If you are running this notebook outside of SageMaker, the SDK will use your configured AWS CLI configuration. For more information, see Configuring the AWS CLI.

Next, let’s create an execution role in IAM for Step Functions.

2. Create an Execution Role for Step Functions

Your Step Functions workflow requires an IAM role to interact with other services in your AWS environment.

  1. Go to the IAM console.

  2. Select Roles and then Create role.

  3. Under Choose the service that will use this role select Step Functions.

  4. Choose Next until you can enter a Role name.

  5. Enter a name such as datalake-consumer-dev-LambdaTriggerStepFunc and then select Create role.

Next, attach a AWS Managed IAM policy to the role you created as per below steps.

  1. Go to the IAM console.

  2. Select Roles

  3. Search for datalake-consumer-dev-LambdaTriggerStepFunc IAM Role

  4. Under the Permissions tab, click Attach policies and then search for CloudWatchEventsFullAccess IAM Policy managed by AWS.

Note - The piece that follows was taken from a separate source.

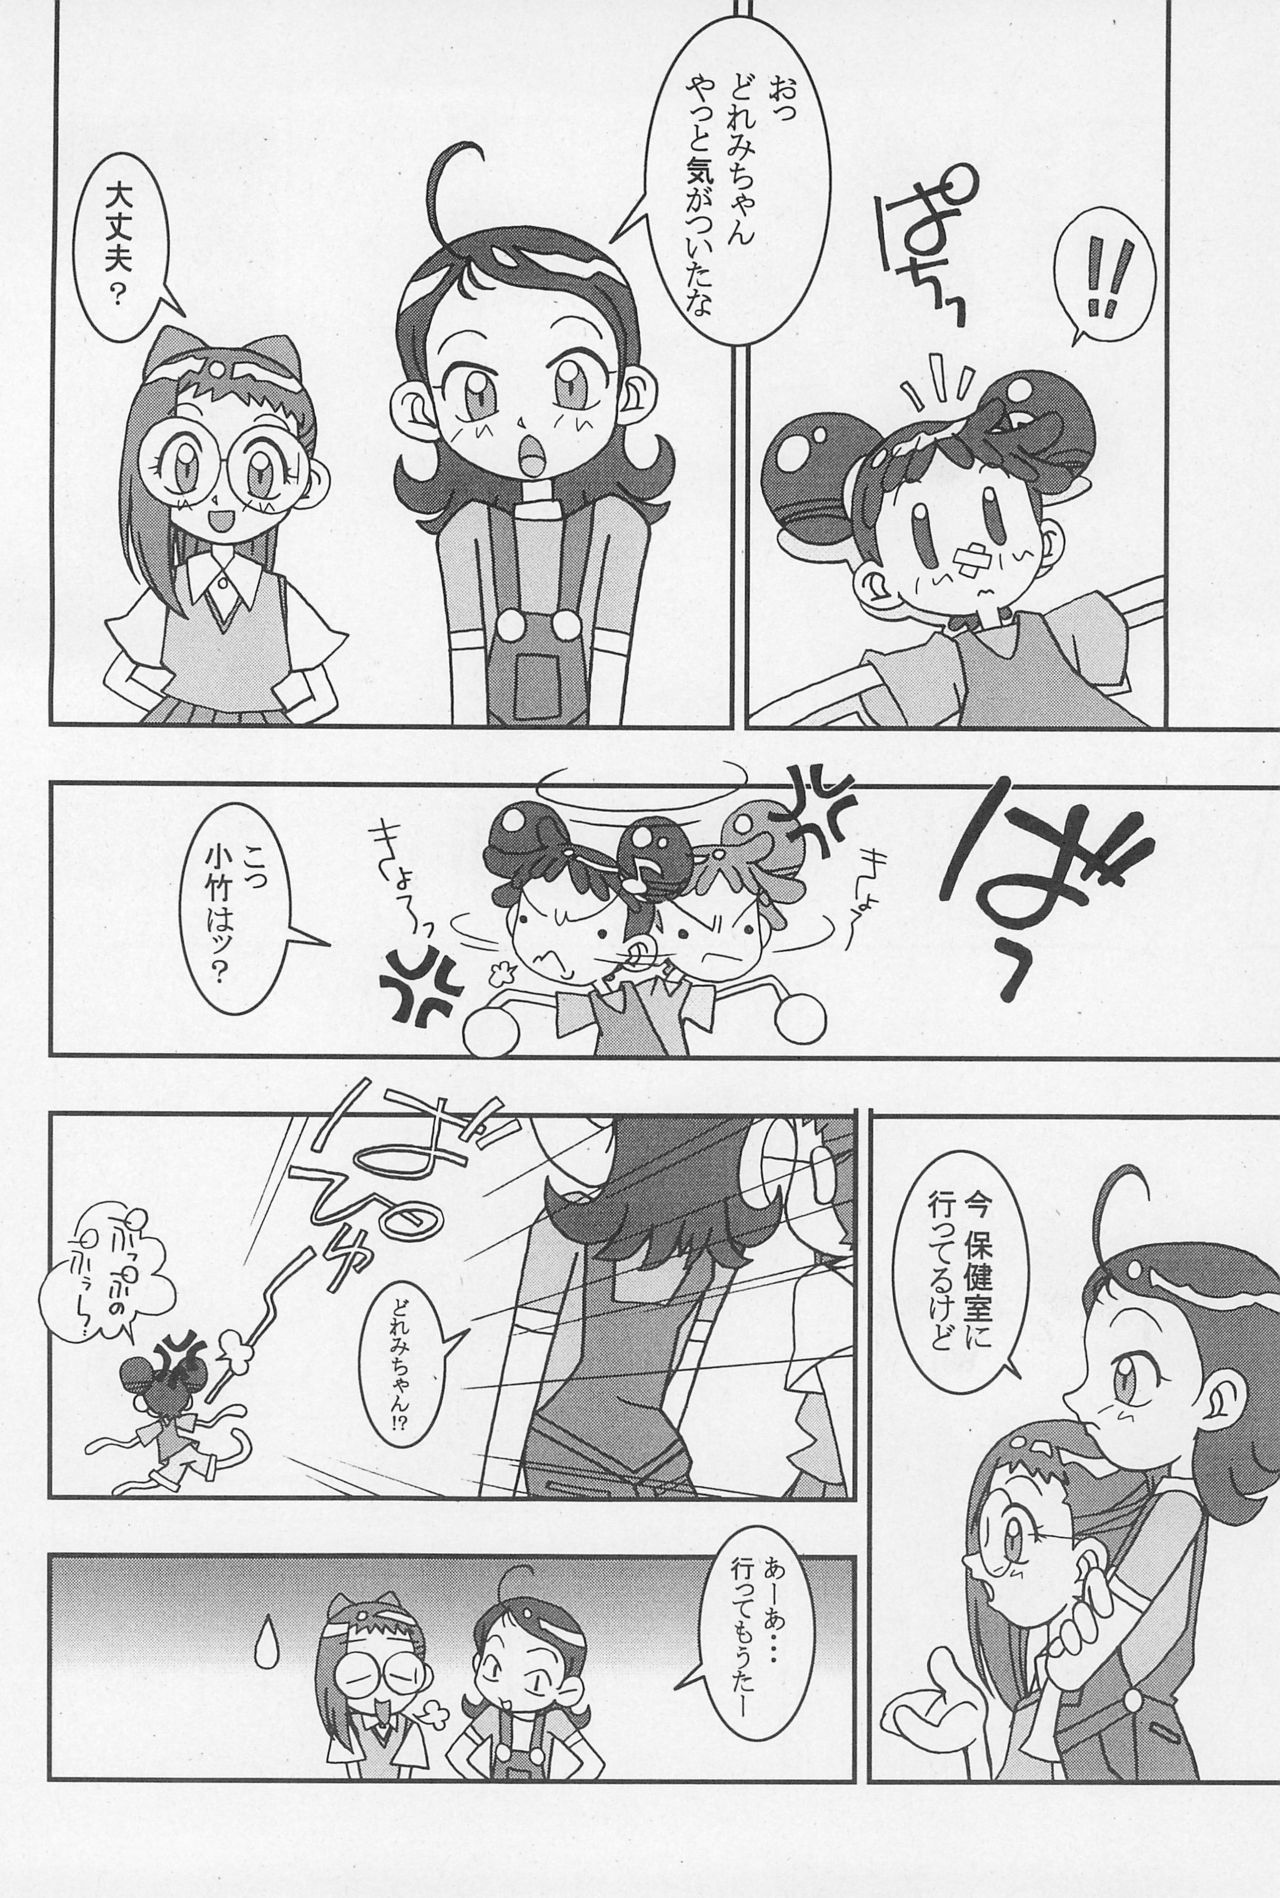 (CR25) [Nekketsu Kouenji Housoukyoku, KENIX (Katori Youichi, Ninnin!)] Doremi Fa So La Si Do (Ojamajo Doremi) page 26 full

  5. Click on Attach Policy.

Next, create and attach another new policy to the role you created. As a best practice, the following steps will attach a policy that only provides access to the specific resources and actions needed for this solution.

  1. Under the Permissions tab, click Attach policies and then Create policy.

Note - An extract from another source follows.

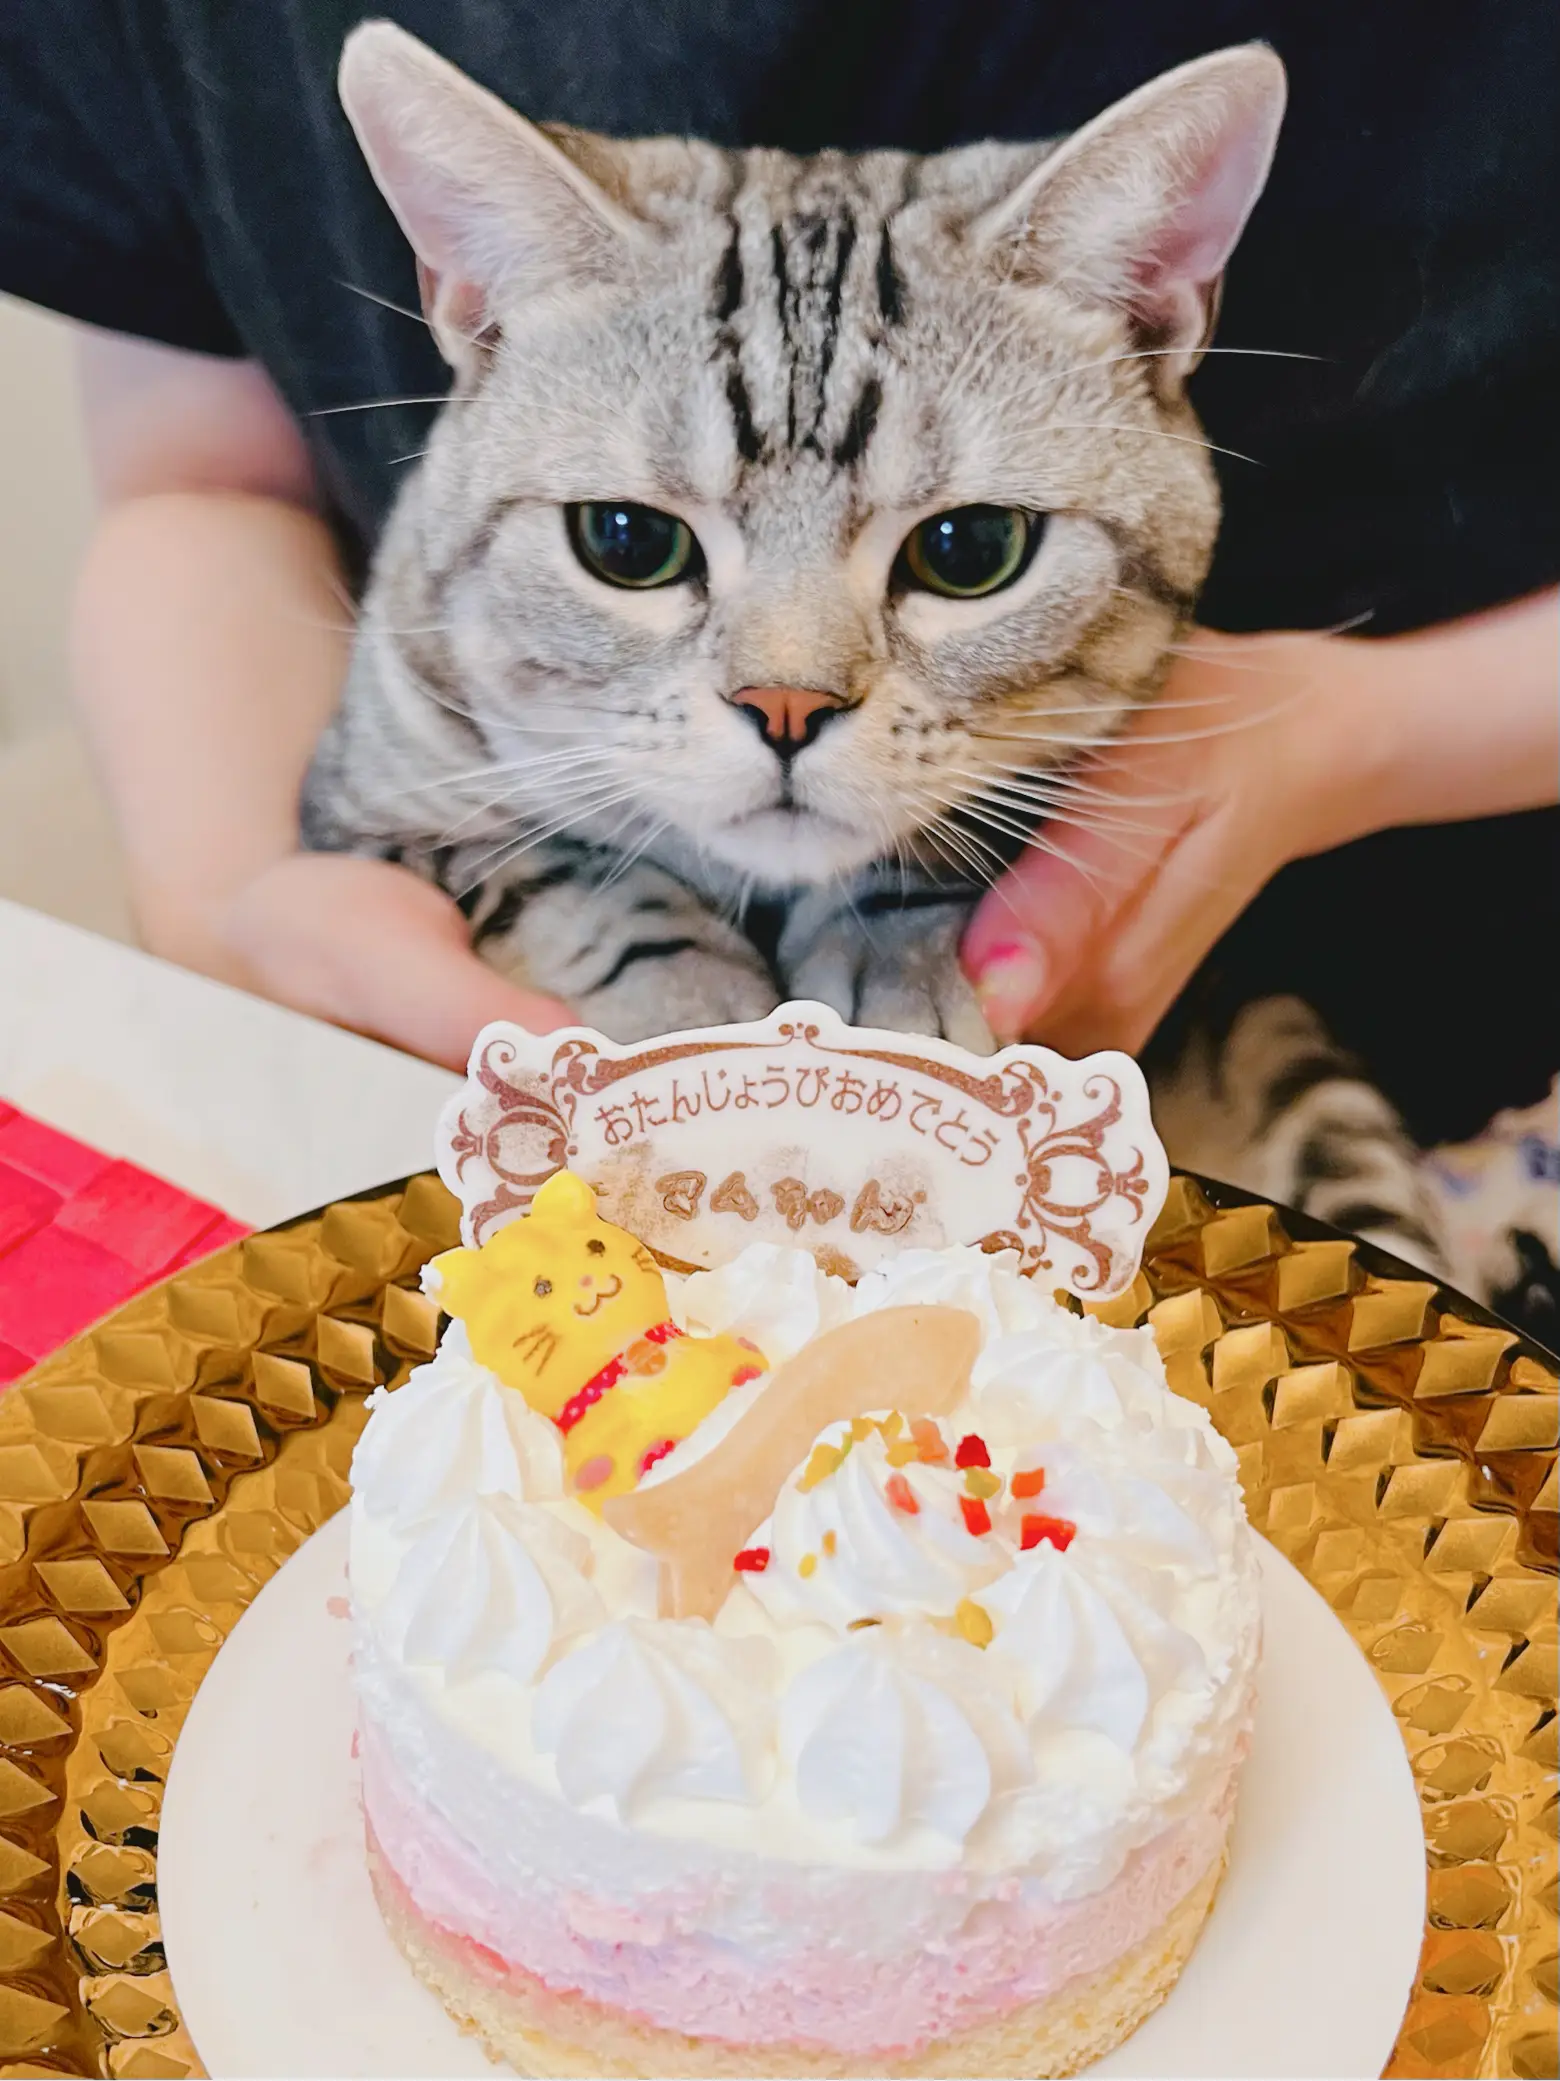 猫お誕生日に関する最新の人気投稿 Lemon8

  2. Enter the following in the JSON tab:

{
    "Version": "2012-10-17",
    "Statement": [
        {
            "Sid": "VisualEditor0",
            "Effect": "Allow",
            "Action": [
                "events:PutTargets",
                "events:DescribeRule",
                "events:PutRule"
            ],
            "Resource": [
                "arn:aws-cn:events:*:*:rule/StepFunctionsGetEventsForSageMakerTrainingJobsRule",
                "arn:aws-cn:events:*:*:rule/StepFunctionsGetEventsForSageMakerTransformJobsRule",
                "arn:aws-cn:events:*:*:rule/StepFunctionsGetEventsForSageMakerTuningJobsRule",
                "arn:aws-cn:events:*:*:rule/StepFunctionsGetEventsForECSTaskRule",
                "arn:aws-cn:events:*:*:rule/StepFunctionsGetEventsForBatchJobsRule"
            ]
        },
        {
            "Sid": "VisualEditor1",
            "Effect": "Allow",
            "Action": "iam:PassRole",
            "Resource": "NOTEBOOK_ROLE_ARN",
            "Condition": {
                "StringEquals": {
                    "iam:PassedToService": "sagemaker.amazonaws.com"
                }
            }
        },
        {
            "Sid": "VisualEditor2",
            "Effect": "Allow",
            "Action": [
                "batch:DescribeJobs",
                "batch:SubmitJob",
                "batch:TerminateJob",
                "dynamodb:DeleteItem",
                "dynamodb:GetItem",
                "dynamodb:PutItem",
                "dynamodb:UpdateItem",
                "ecs:DescribeTasks",
                "ecs:RunTask",
                "ecs:StopTask",
                "glue:BatchStopJobRun",
                "glue:GetJobRun",
                "glue:GetJobRuns",
                "glue:StartJobRun",
                "lambda:InvokeFunction",
                “sagemaker:AddTags”,
                "sagemaker:CreateEndpoint",
                "sagemaker:CreateEndpointConfig",
                "sagemaker:CreateHyperParameterTuningJob",
                "sagemaker:CreateModel",
                "sagemaker:CreateProcessingJob",
                "sagemaker:CreateTrainingJob",
                "sagemaker:CreateTransformJob",
                "sagemaker:DeleteEndpoint",
                "sagemaker:DeleteEndpointConfig",
                "sagemaker:DescribeHyperParameterTuningJob",
                "sagemaker:DescribeProcessingJob",
                "sagemaker:DescribeTrainingJob",
                "sagemaker:DescribeTransformJob",
                "sagemaker:ListProcessingJobs",
                "sagemaker:ListTags",
                "sagemaker:StopHyperParameterTuningJob",
                "sagemaker:StopProcessingJob",
                "sagemaker:StopTrainingJob",
                "sagemaker:StopTransformJob",
                "sagemaker:UpdateEndpoint",
                "sns:Publish",
                "sqs:SendMessage"
            ],
            "Resource": "*"
        }
    ]
}
  1. Replace NOTEBOOK_ROLE_ARN with the ARN for your notebook that you created in the previous step in the above Policy.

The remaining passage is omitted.